Last week we discussed reporter Lauren Windsor’s secret recordings of Justice and Mrs. Alito at a Supreme Court Historical Society dinner. Today, Windsor and a colleague were back. They taped Roger Stone, who, ironically, has called himself a “dirty trickster” and an “agent provocateur,” discussing tactics to return Trump to the White House whether he wins the election or not.
These new tapes consist of two conversations, one between Windsor and Stone and another between her colleague Ally Sammarco and Stone. They were recorded at a Catholic Prayer for Trump event last March at Mar-a-Lago. Stone keynoted the event.
Rolling Stone, which obtained the tapes and ran a story on them, reached out to Stone for comment. On Tuesday, he told them, “All of the election integrity provisions that I suggested are perfectly legal and should be part of any ballot Security effort.”
Let’s take a look at what he said and you can be the judge.
Key comments Stone is captured making include the following:
Roger Stone is working on "lawyers, judges, technology" to "use every lever we can" to deliver this election for Trump.
“At least this time when they do it, you have a lawyer and a judge — his home phone number standing by — so you can stop it,” Stone says at one point. “We made no preparations last time, none … There are technical, legal steps that we have to take to try and have a more honest election.
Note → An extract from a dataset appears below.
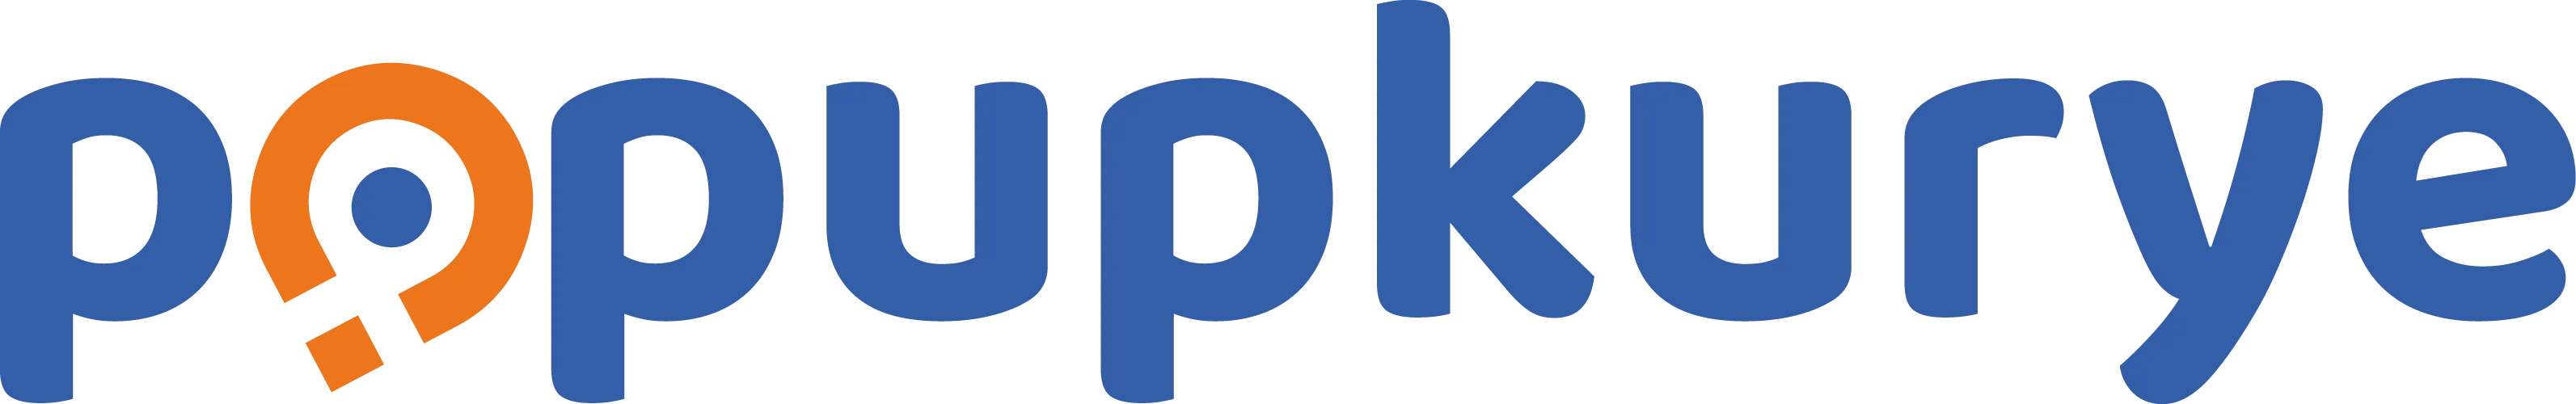 popupkurye logo

We’re not there yet, but there’s things that can be done.”
Stone predicts that Judge Aileen Cannon will dismiss the classified documents case against the former president soon. “We are beating them,” Stone tells Sammarco. “[Trump’s] trial in Georgia is falling apart. I think the judge is on the verge of dismissing the charges against him in Florida. They’re delayed in New York City and they’re now delayed in Washington.” Trump has since been convicted in Manhattan.
Stone also indicates that the MAGA movement is fully prepared to pull a variety of levers to ensure Trump defeats Biden this November. When Sammarco asks Stone what would stop Trump’s opponents from committing “voter fraud” like “ballot harvesting,” Stone replies that “in some states, it’ll be easier to stop. In other places, it won’t.”
Stone also tells Sammarco that with the RNC under MAGA control, they can spend “lots more” money on election monitoring. He also points to “changes in state law, real-time voter list monitoring, going to court as we just did to challenge some of the vote laws,” and that “we went into court to sue in Michigan over the hand [written] ballots.”
“Don’t think that this is a fight between Republicans and Democrats, liberals, and conservatives. This is nothing less than an epic struggle between good and evil,” Stone says. “A struggle between light and dark, a struggle between the godly and the godless.”
That’s a lot. But could it lend itself to the benign reading Stone offers, that it’s a legitimate tool kit for an election? Some of it makes sense in the abstract—as an election integrity worker, you would want to know who the judge on call in your area, the “duty judge” was, and have an after-hours way of contacting them in case of an emergency. Having good technology is helpful when evaluating election data. And hard fought election challenges are a part of politics.
But there is context for Stone’s comments. For one thing, Stone was convicted of obstructing a congressional investigation, making false statements to Congress, and tampering with a witness. The only reason he didn’t serve his sentence was because Donald Trump pardoned him. The charges were made in connection with election fraud. The dirty trickster has a history of using sharp practices to try to interfere with elections, not to ensure fair outcomes.
The case against Stone goes back to January 2017, when the House Intelligence Committee opened its investigation into allegations of Russian interference in the 2016 U.S. presidential election, including the publication of documents related to the presidential election by WikiLeaks in 2016. Stone testified in September of 2017 and made a number of false statements relating to the identity of a person he had referred to in August 2016 as his “back-channel” or “intermediary” to the head of WikiLeaks; whether he had asked that person to do anything on his behalf; whether he discussed that person with anyone involved with the Trump campaign; and whether he had written communications with third parties about the head of WikiLeaks. Stone engaged in witness tampering when he urged the person he misidentified as his WikiLeaks contact, Randy Credico, to corroborate the lie, tell the Committee that he could not remember the relevant events, or invoke his Fifth Amendment right against self-incrimination to avoid testifying. Credico ultimately asserted his Fifth Amendment rights to avoid testifying after he received a subpoena. Trump commuted Stone’s sentence days before he was due to report to prison.
None of that imparts confidence that Stone would put the kinds of information and tools he talks about in the taped conversations to good use.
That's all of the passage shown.